-- EXERCISE DATA follows --

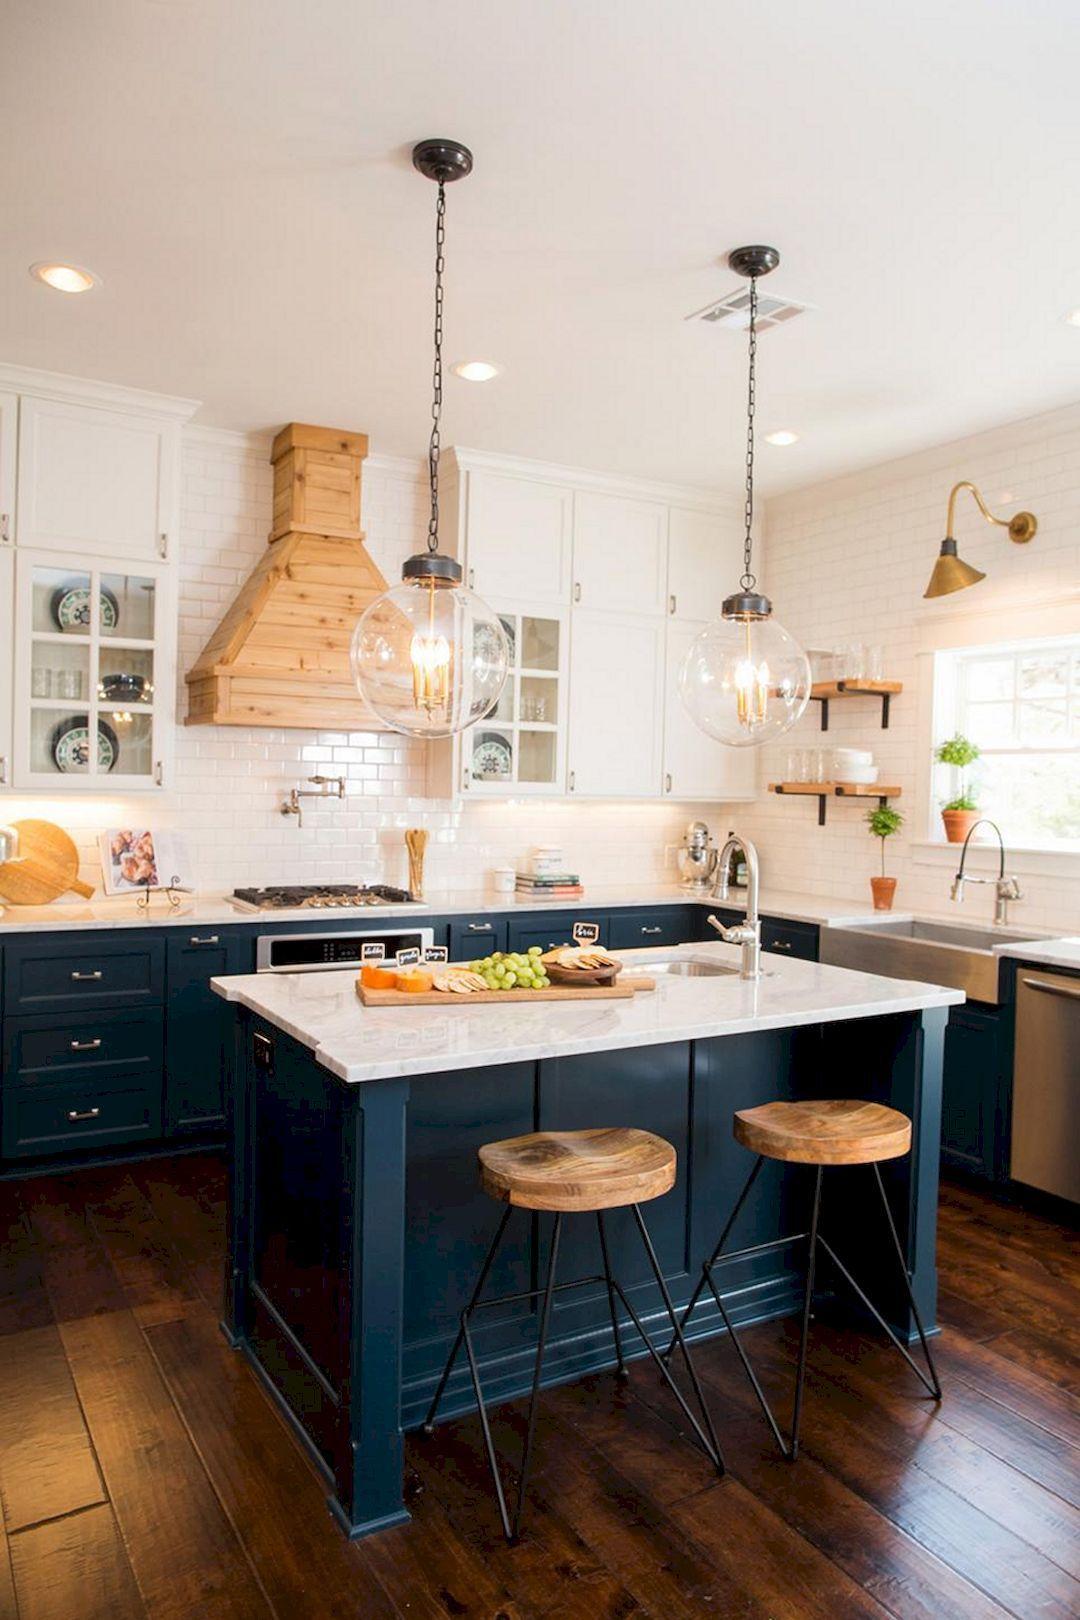 Best Kitchen Gallery: Top 42 Kitchen Design Inspirations From Joanna Gaines Joanna of Kitchen Design Inspiration on rachelxblog.com
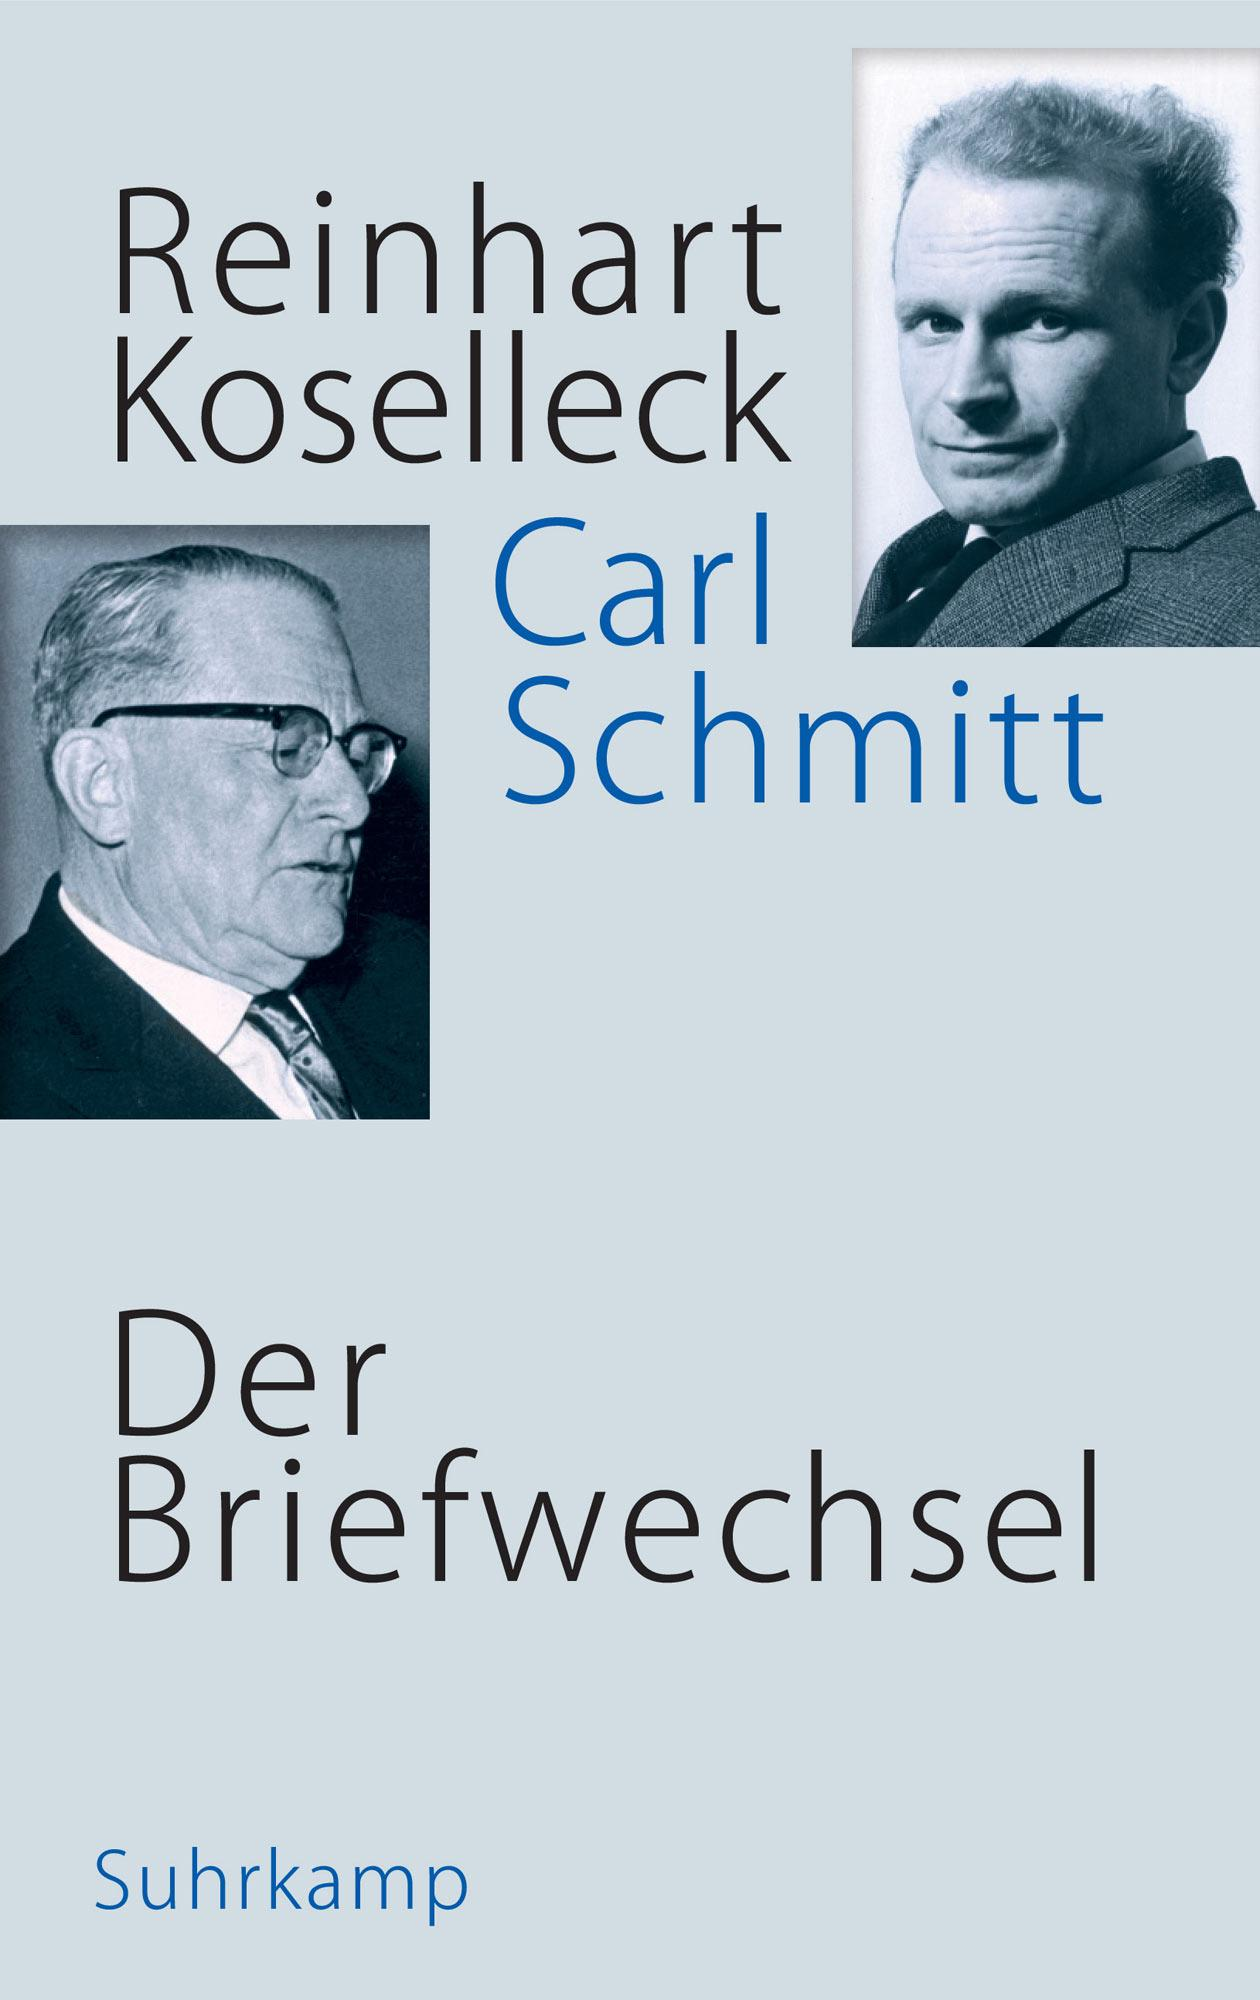 Leseempfehlungen:Reinhart Koselleck, Carl Schmitt: Der Briefwechsel 1953–1983
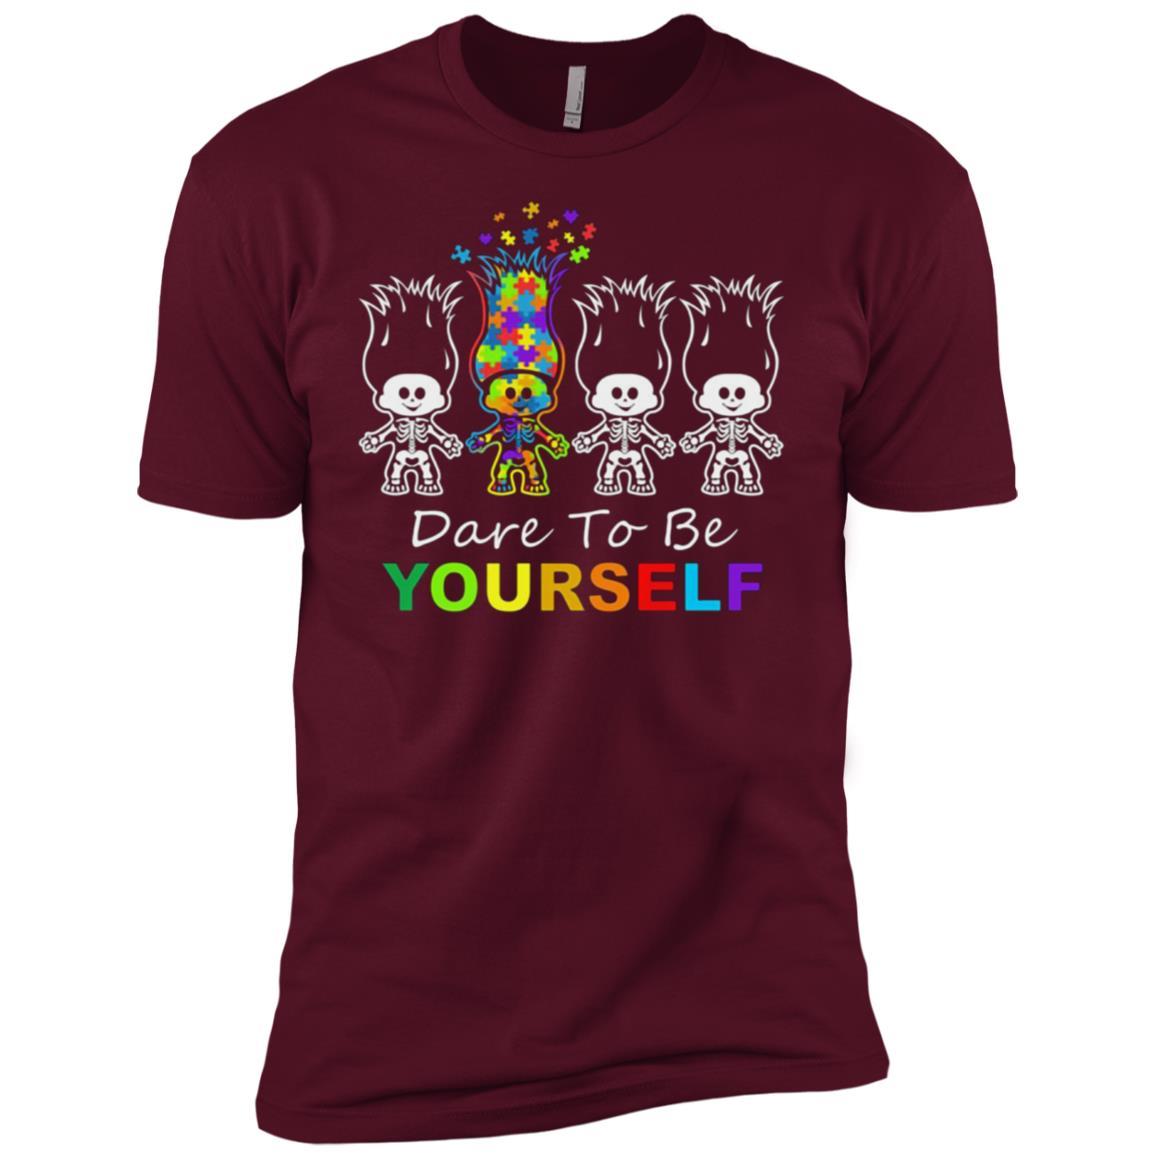 Autism Awareness Tee, Gift For Dad Men Short Sleeve T-Shirt

-- EXERCISE DATA concluded --

### [WHAT IS REQUIRED]
Pictures in the listing above must be skipped; everything else should be copied exactly.

### [ANSWER SECTION]
 Best Kitchen Gallery: Top 42 Kitchen Design Inspirations From Joanna Gaines Joanna of Kitchen Design Inspiration on rachelxblog.com
 Leseempfehlungen:Reinhart Koselleck, Carl Schmitt: Der Briefwechsel 1953–1983
 Autism Awareness Tee, Gift For Dad Men Short Sleeve T-Shirt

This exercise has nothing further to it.